Jacque Robinson

No. 28, 22
- Position: Running back

Personal information
- Born: March 5, 1963 (age 63) Oakland, California, U.S.
- Listed height: 5 ft 11 in (1.80 m)
- Listed weight: 215 lb (98 kg)

Career information
- High school: San Jose (CA)
- College: Washington
- NFL draft: 1985: 8th round, 197th overall pick

Career history
- Buffalo Bills (1985)*; Philadelphia Eagles (1987);
- * Offseason or practice squad member only

Awards and highlights
- First-team All-Pac-10 (1982); Second-team All-Pac-10 (1984);

Career NFL statistics
- Rushing yards: 114
- Rushing average: 4.8
- Touchdowns: 0
- Stats at Pro Football Reference

= Jacque Robinson =

American football player (born 1963)

Jacque Cornelius Robinson (born March 5, 1963) is an American former professional football player.
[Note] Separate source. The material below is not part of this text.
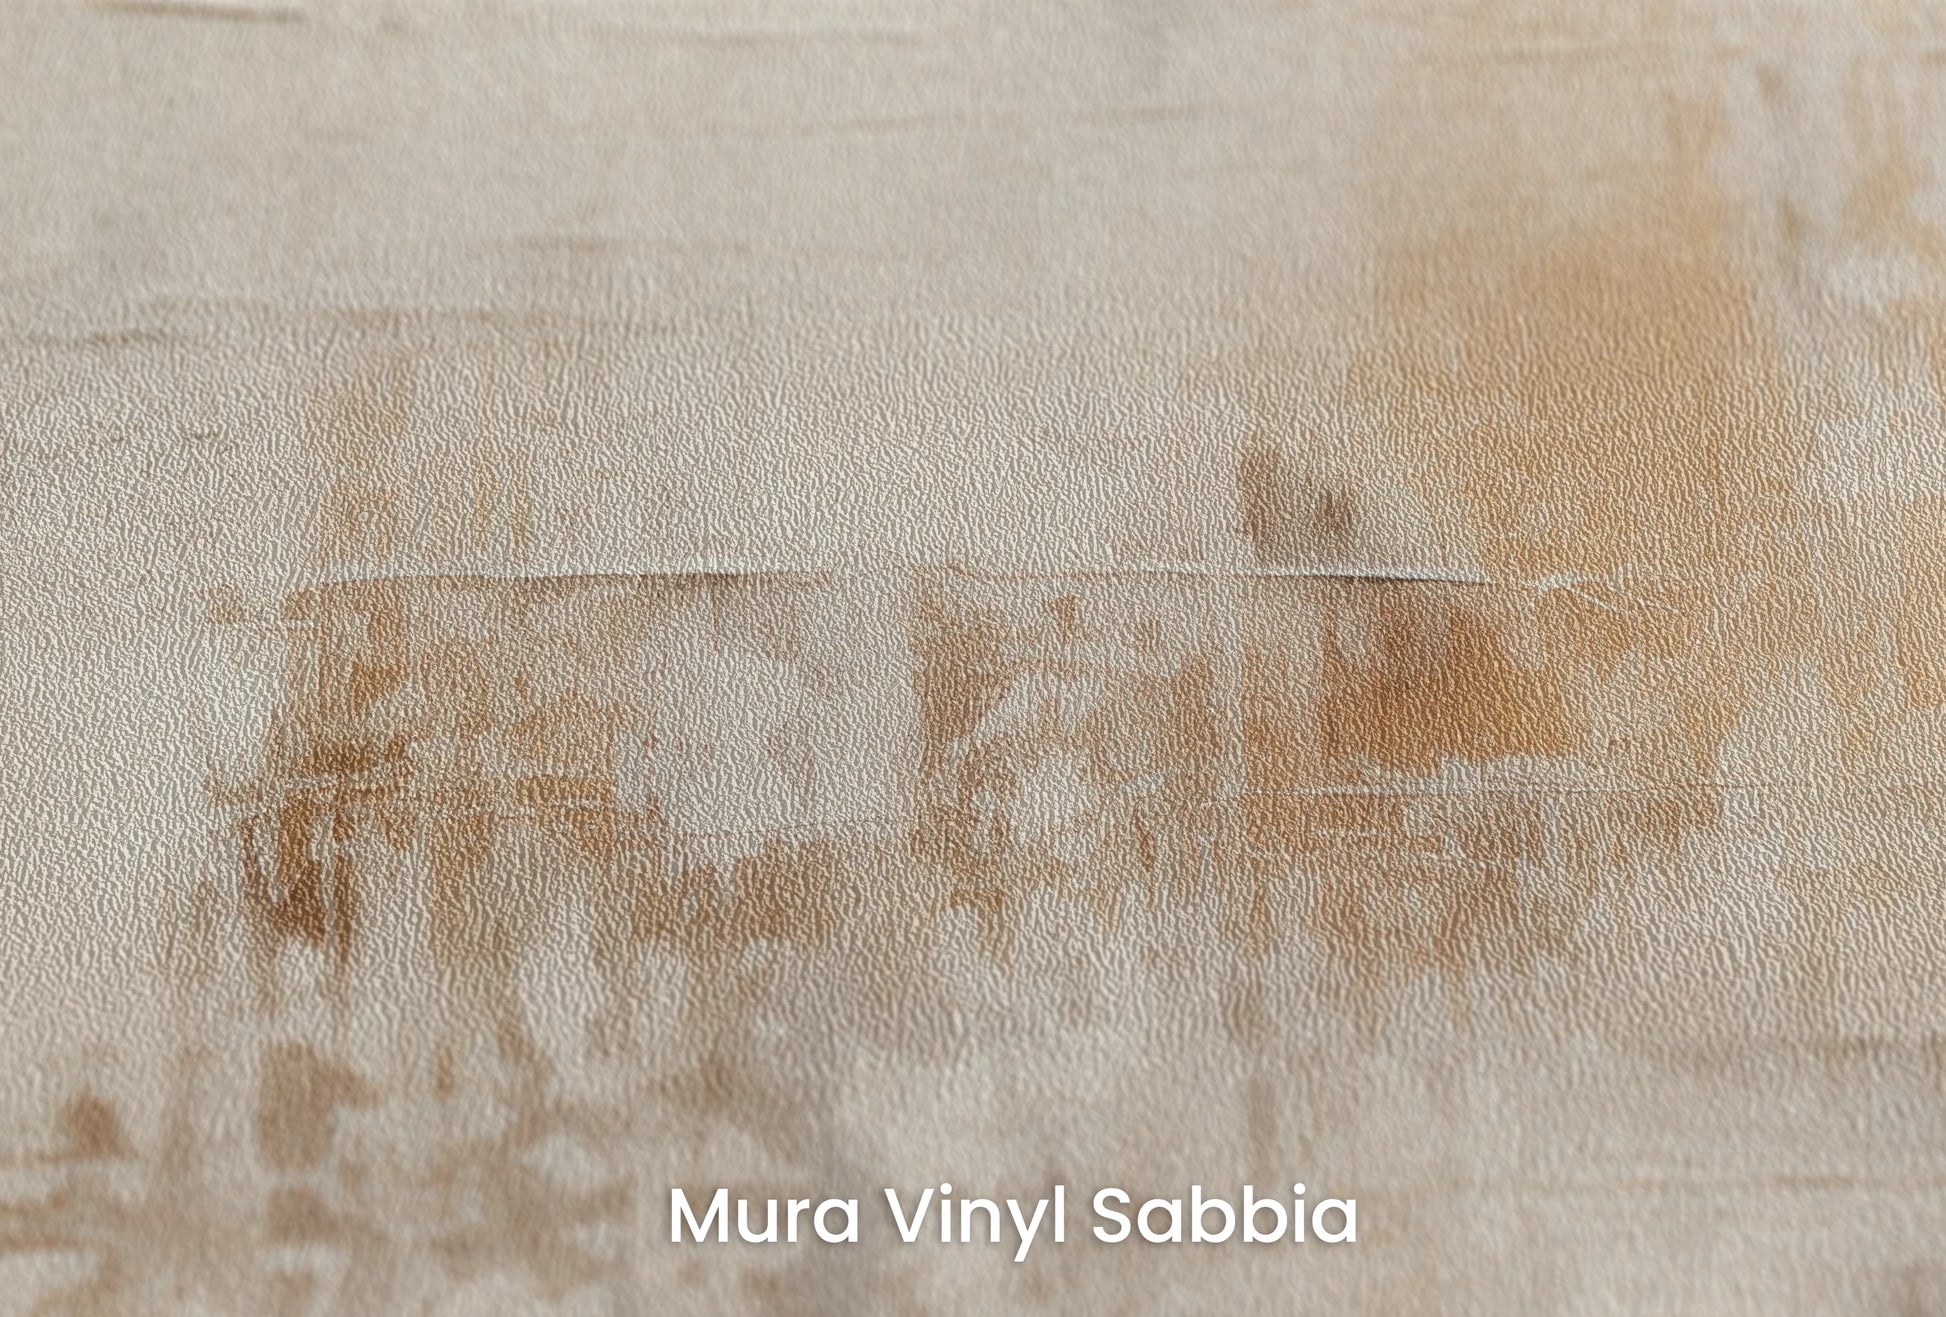 Zbliżenie na artystyczną fototapetę o nazwie Abstract Serenity na podłożu Mura Vinyl Sabbia struktura grubego ziarna piasku.

He played as a running back and was selected by the Buffalo Bills in the eighth round of the 1985 NFL draft. During his college career at Washington, Robinson amassed 2,300 career yards, and also earned MVP honors in both the 1982 Rose Bowl and 1985 Orange Bowl. He was the first freshman to win Player of the Game honors at the Rose Bowl and was inducted into the Rose Bowl Hall of Fame in 2019. Robinson was also the first player in history to win both Rose Rowl and Orange Bowl MVP honors. He attended San Jose High School in San Jose, California.

Robinson saw playing time in three NFL games in 1987 with the Philadelphia Eagles during the NFLPA strike. His NFL total is 114 yards on 24 carries, plus two receptions for nine yards.

He is the father of former NBA guard Nate Robinson.